The Commercial Appeal now openly joined the effort to stir things up. On two consecutive days, August 8th and 9th, it ran derogatory lead editorials about Judge Brown. The first was headed "More Circus: Ray Confusion grows on judge's vacation", the second was bannered, "Ray Fiasco: Transfer is a solution; talks also would help."

Brown fired back in a phone interview with the newspaper while still on vacation. He said that the Colton-Roberts maneuver was motivated by local Republican politics and was a ploy to try and wreck his credibility. Brown further added that, "It's ridiculous, it's disgusting and it's partisan politics." In response to this, Colton made a comment that revealed a certain empathy with local prosecutor John Campbell. Colton said that Brown was "absolutely correct" in overseeing the original round of rifle testing approved by the appeals court, but then suggested that Brown had overstepped that original authority. Colton stated, "It has been determined that he [Brown] should make the ruling on that issue and that issue alone." Previously, Campbell had expressed concern that Brown was conducting an open ended inquiry when the judge had requested the original FBI test bullets for comparison purposes.

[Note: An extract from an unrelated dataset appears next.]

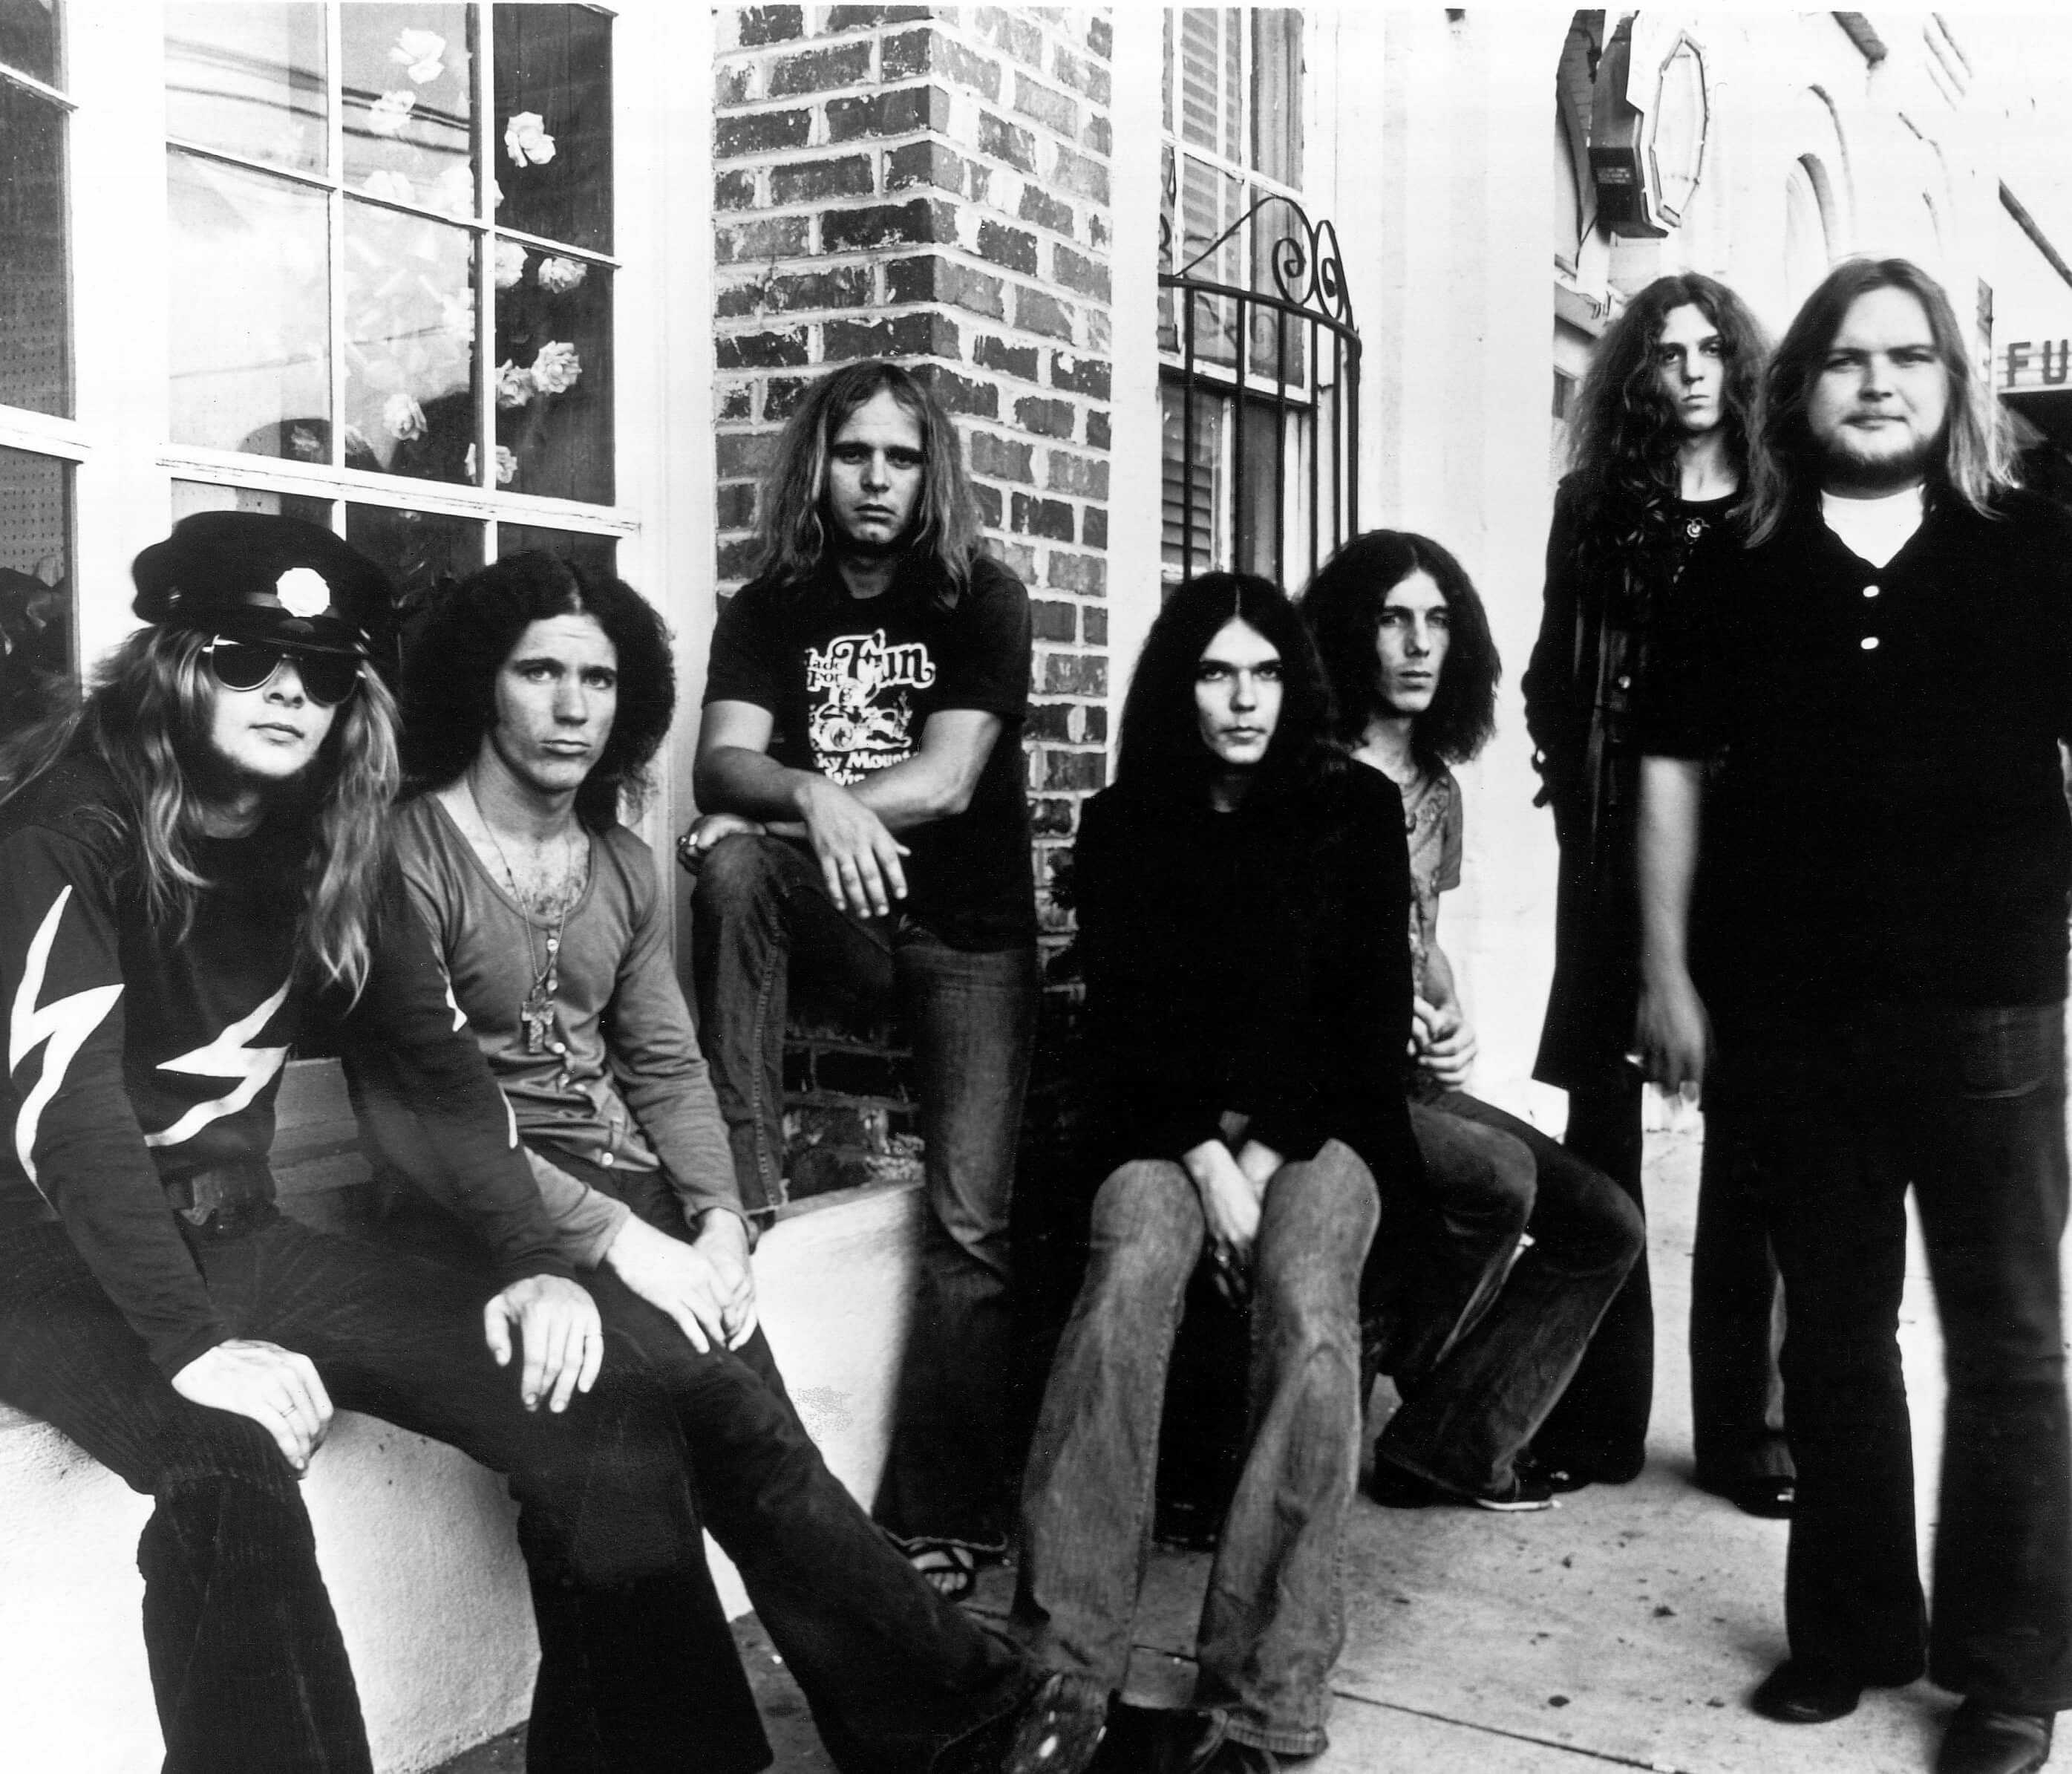 "Sweet Home Alabama" band Lynyrd Skynyrd in black-and-white

At this point, the FBI stepped forward. U.S. Attorney Veronica Coleman said that the Bureau would agree to turn over the 1968 test fires to county prosecutors "upon a proper request." Campbell responded that his office would request that the Bureau turn over the 1968 test bullets on the condition that the defense paid for further testing. Also, the Atlanta Journal-Constitution on August 15th noted that one of the grooves found on the 1997 test bullets was not mentioned in the examiner's notes from the 1968 FBI test-firing.

Prosecutor Roberts?

On August 16th, Court Clerk Bill Key did something he previously stated he would not do. He delivered an order to Brown's office seeking the return of the Ray files to him. On more than one occasion, Key had said he would not do this until Brown had returned from vacation on August 18th.

On the 18th, and the day before Brown was expected to rule on another round of test-fires, two more surprise turns took place. First, Colton appointed Roberts as a special prosecutor to look into the King case. Campbell immediately filed an emergency appeal over Colton's action, claiming Colton had no authority to name Roberts as a special investigator with subpoena power. Campbell commented: "He's basically going to convene his own little grand jury, I guess. He's going to take evidence and then seal it.... I don't really know where he's going on it."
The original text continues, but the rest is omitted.